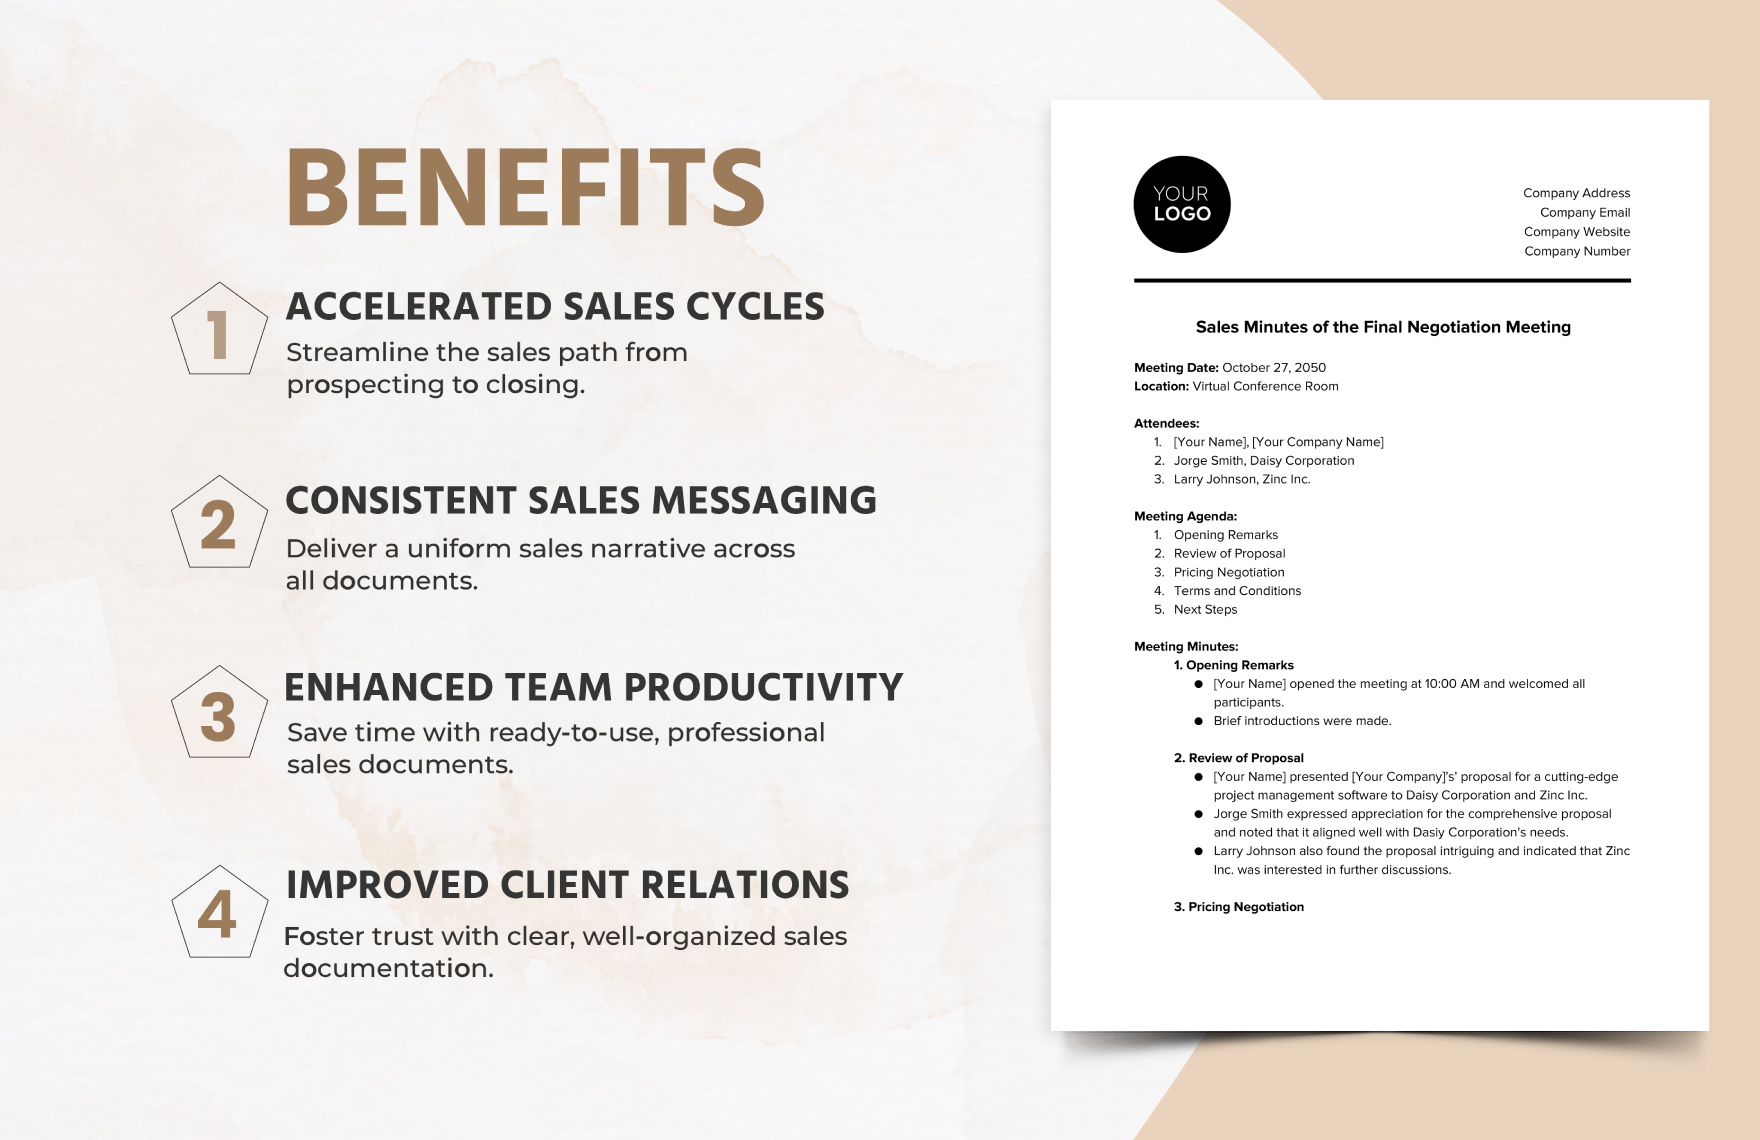 Sales Minute of Final Negotiation Meeting Template
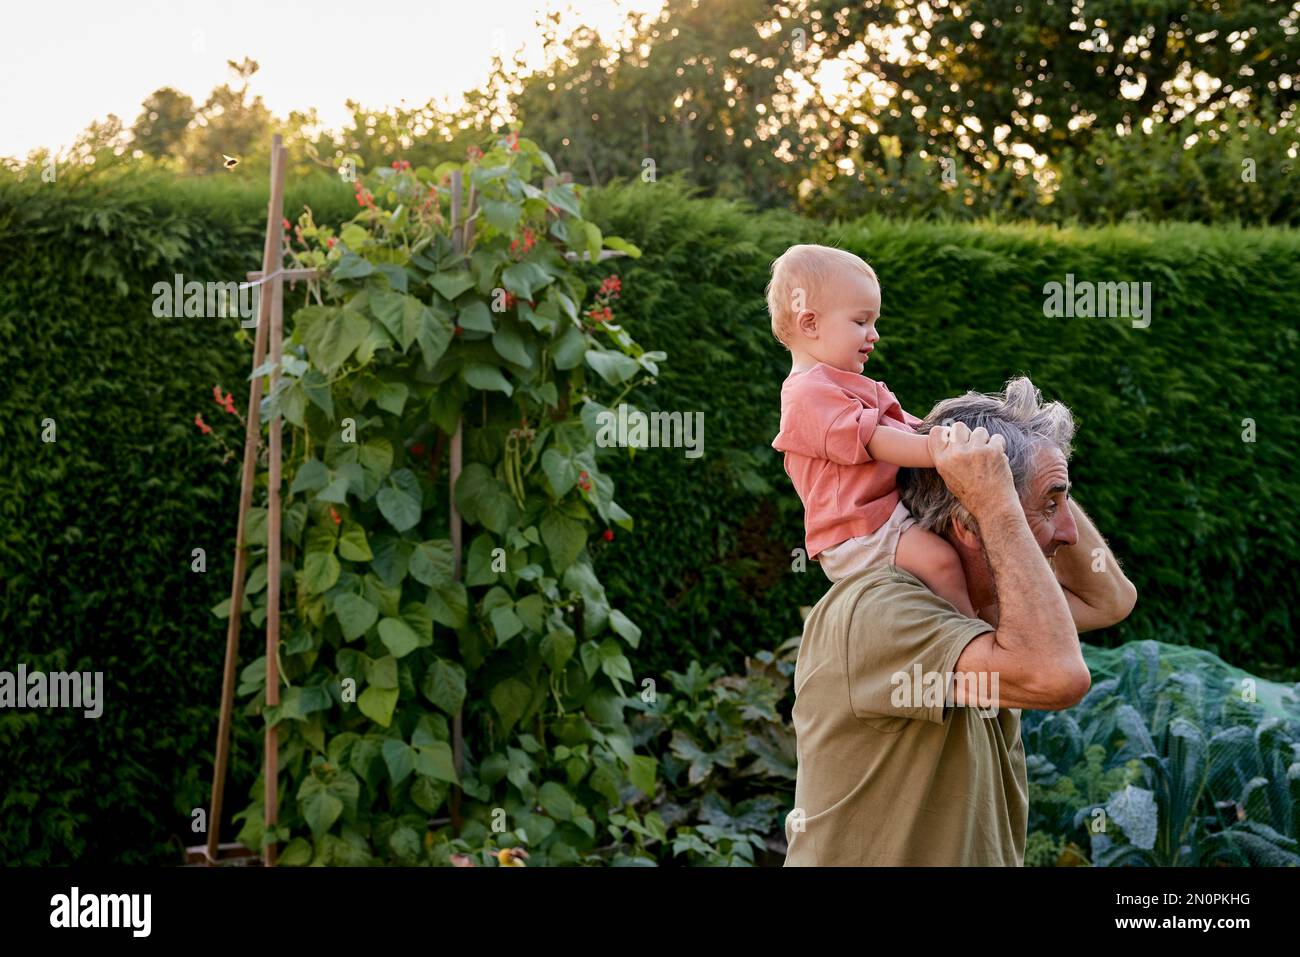 Grandfather carrying toddler on shoulders walking in garden Stock Photo
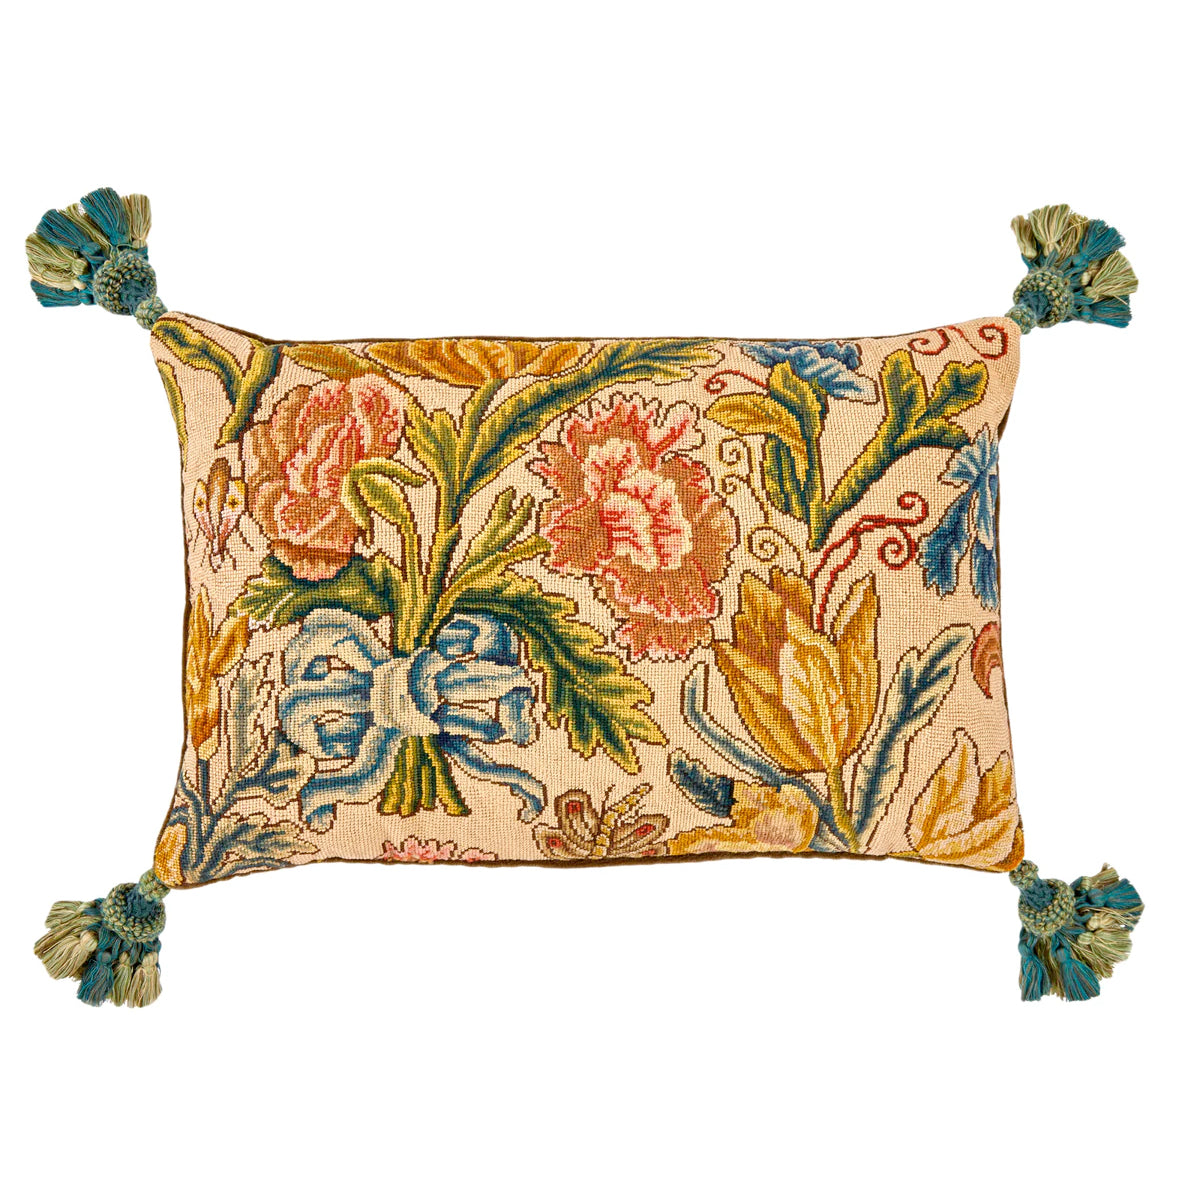 A Pair of 18th Century English Needlework Oblong Cushions

### Task goal
Restate the whole listing above exactly, please, omitting every image.

### Answer to this problem
 Sales Minute of Final Negotiation Meeting Template
 Grandfather carrying toddler on shoulders walking in garden Stock Photo
 A Pair of 18th Century English Needlework Oblong Cushions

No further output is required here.